Look over the lines below. Report each one that includes the string "Design".

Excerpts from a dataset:
——

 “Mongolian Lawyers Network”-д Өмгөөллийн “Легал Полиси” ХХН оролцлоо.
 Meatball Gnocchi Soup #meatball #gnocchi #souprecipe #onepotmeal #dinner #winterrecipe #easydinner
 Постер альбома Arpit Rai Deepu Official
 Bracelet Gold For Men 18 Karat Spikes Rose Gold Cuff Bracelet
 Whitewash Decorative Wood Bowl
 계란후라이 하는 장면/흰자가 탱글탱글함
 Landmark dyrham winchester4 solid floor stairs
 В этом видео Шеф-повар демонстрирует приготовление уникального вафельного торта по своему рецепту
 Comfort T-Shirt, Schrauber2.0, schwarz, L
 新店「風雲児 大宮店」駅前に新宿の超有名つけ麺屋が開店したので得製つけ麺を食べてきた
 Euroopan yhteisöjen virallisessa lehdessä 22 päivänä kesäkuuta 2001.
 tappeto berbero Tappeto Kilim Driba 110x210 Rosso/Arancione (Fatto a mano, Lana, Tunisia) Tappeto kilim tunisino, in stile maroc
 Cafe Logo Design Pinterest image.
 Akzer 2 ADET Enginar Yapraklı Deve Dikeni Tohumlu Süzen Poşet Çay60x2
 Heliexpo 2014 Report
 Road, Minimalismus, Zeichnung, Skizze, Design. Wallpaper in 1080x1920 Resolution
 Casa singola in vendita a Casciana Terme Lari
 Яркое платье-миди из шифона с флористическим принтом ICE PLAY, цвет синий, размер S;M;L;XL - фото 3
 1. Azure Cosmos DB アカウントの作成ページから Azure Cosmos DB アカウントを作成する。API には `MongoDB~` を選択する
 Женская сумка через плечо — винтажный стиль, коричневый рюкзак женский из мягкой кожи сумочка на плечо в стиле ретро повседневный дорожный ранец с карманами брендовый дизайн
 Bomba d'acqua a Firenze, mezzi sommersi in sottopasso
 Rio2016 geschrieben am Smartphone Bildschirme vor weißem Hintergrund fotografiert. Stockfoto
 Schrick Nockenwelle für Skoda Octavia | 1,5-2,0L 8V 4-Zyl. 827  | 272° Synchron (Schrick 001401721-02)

——

**Written answer**
 Cafe Logo Design Pinterest image.
 Road, Minimalismus, Zeichnung, Skizze, Design. Wallpaper in 1080x1920 Resolution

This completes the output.